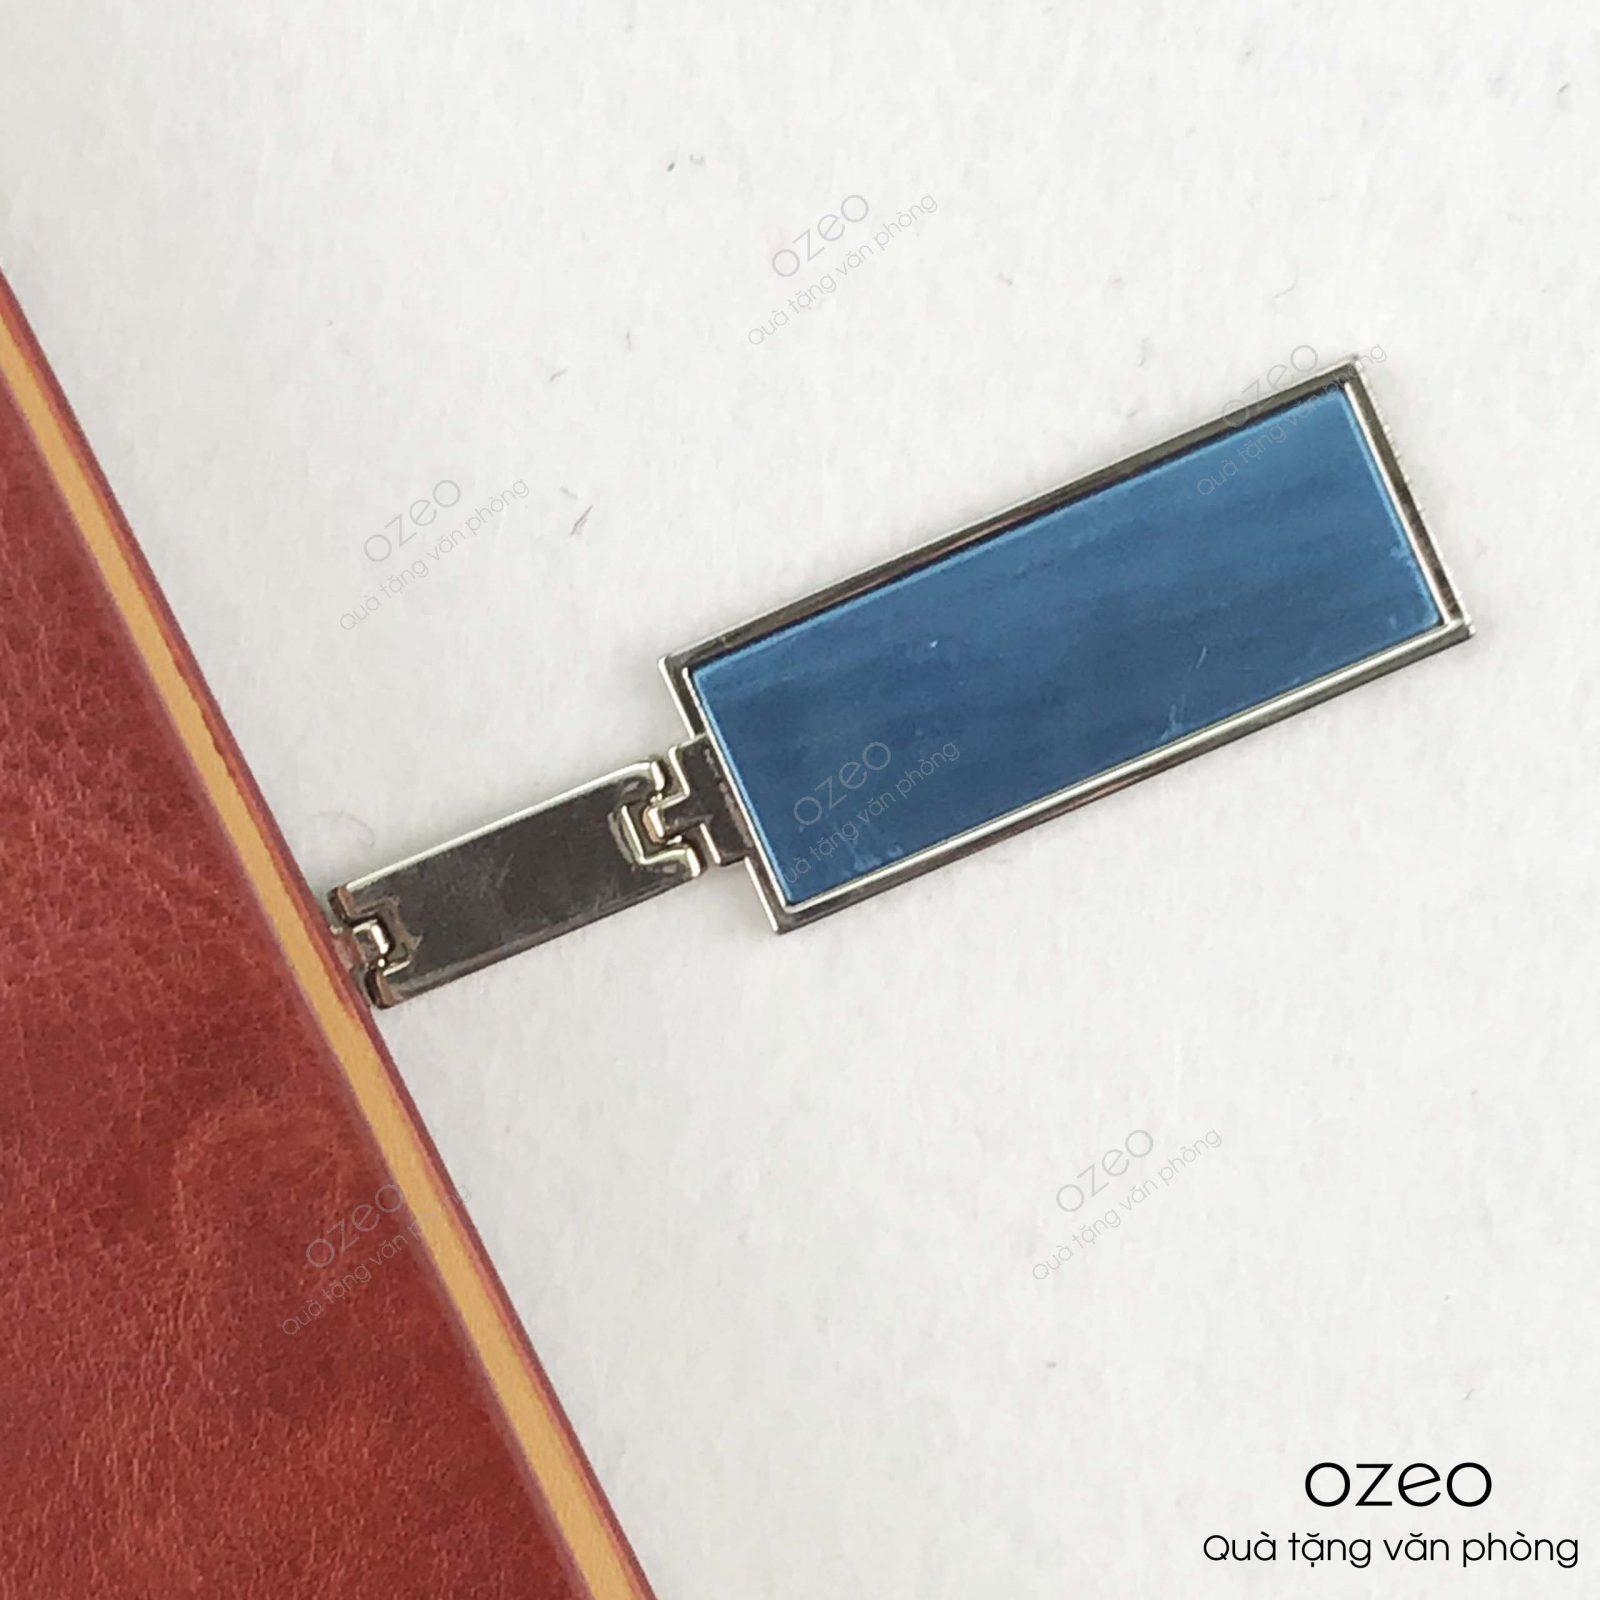 Phần khóa vuông nam chân hít của sổ tay bìa còng màu nâu KVA5 - 01N
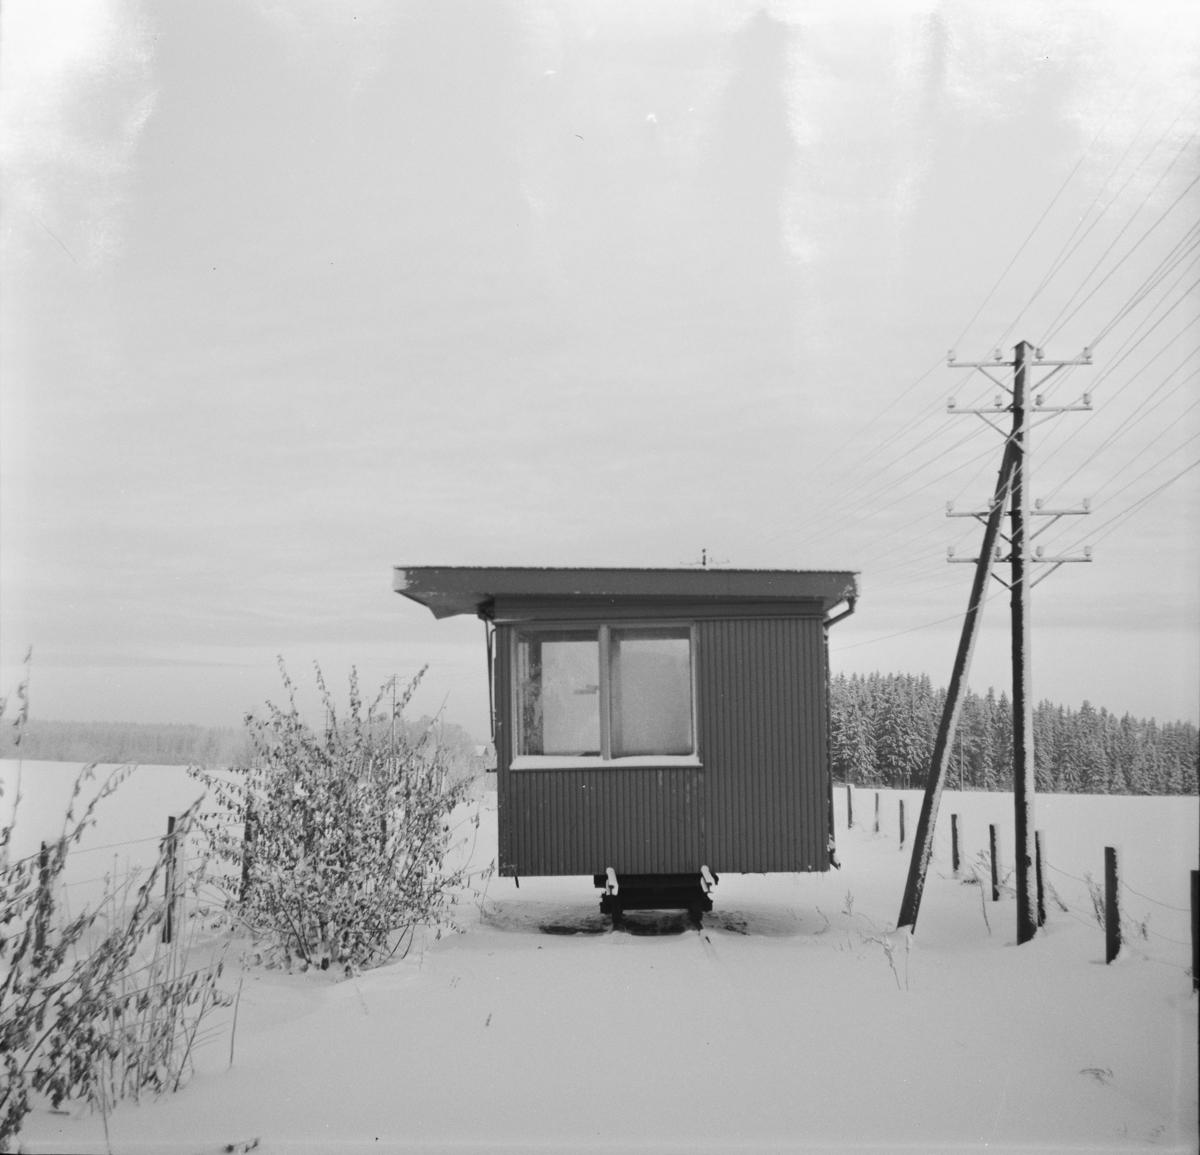 Den gamle Narvesenkiosken på Fetsund ble overtatt av museumsbanen Urskog-Hølandsbanen. Her mellomlagret på tralle på Fossum stasjon.
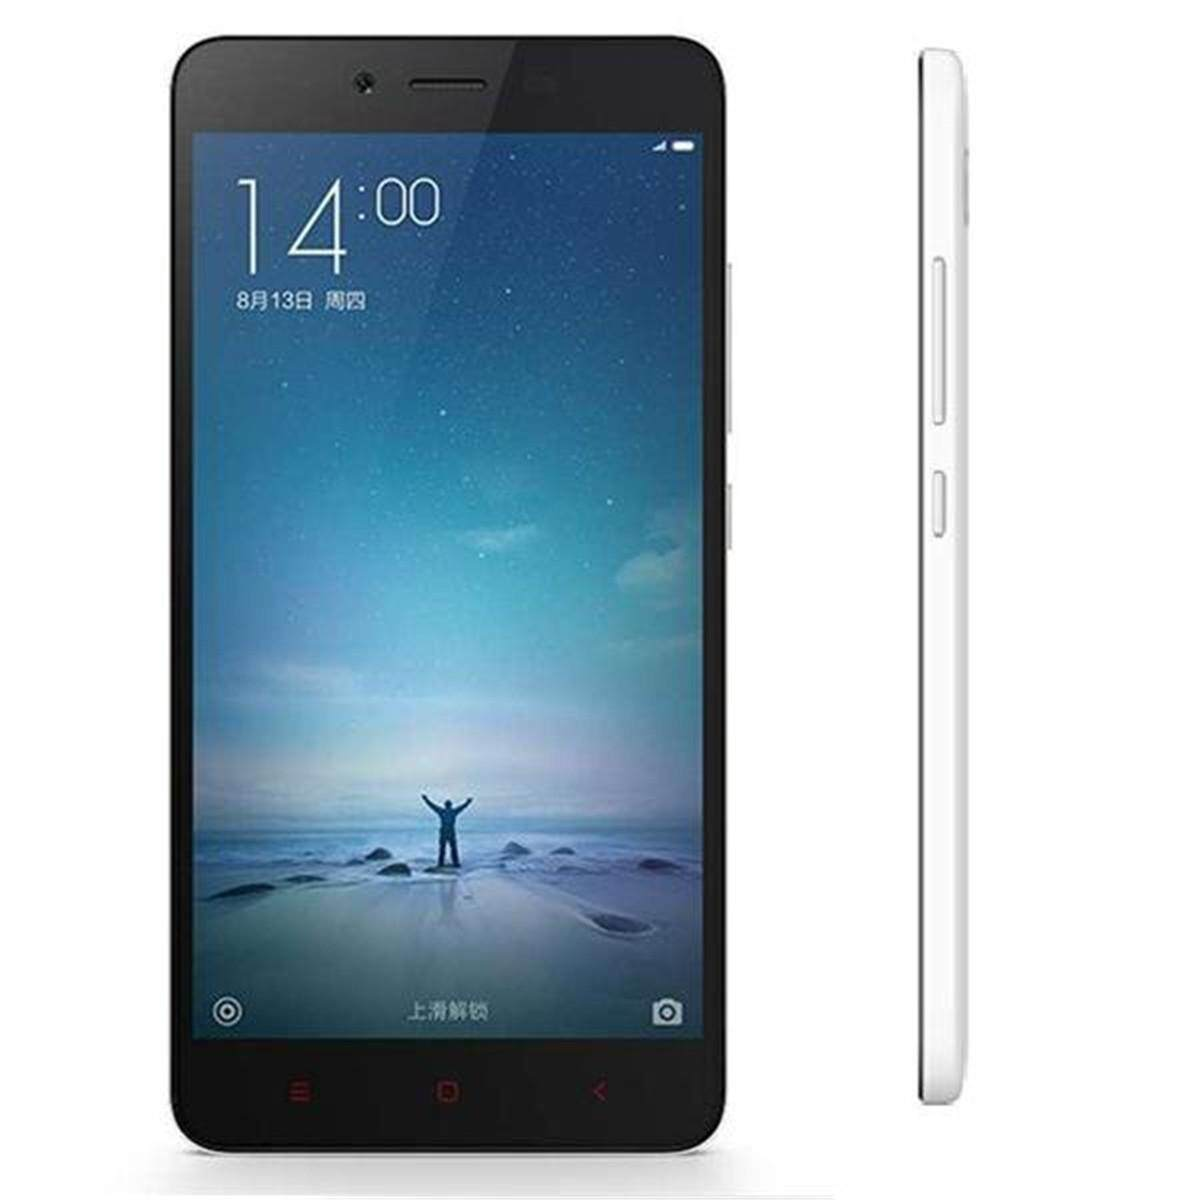 ยี่ห้อไหนดี  เชียงใหม่ Xiaomi Redmi Note2 Android 5.0 4G Phone w/ 2GB RAM  16GB ROM - White
★ ★ ★ ★
:: Task to carry out ::
Extract the run of lines beginning with the line that holds "Den gamle Narvesenkiosken" and ending at the last line of the data, inclusive. Exclude any pictures from the copy.

:: Exercise result ::
 Den gamle Narvesenkiosken på Fetsund ble overtatt av museumsbanen Urskog-Hølandsbanen. Her mellomlagret på tralle på Fossum stasjon.
 ยี่ห้อไหนดี  เชียงใหม่ Xiaomi Redmi Note2 Android 5.0 4G Phone w/ 2GB RAM  16GB ROM - White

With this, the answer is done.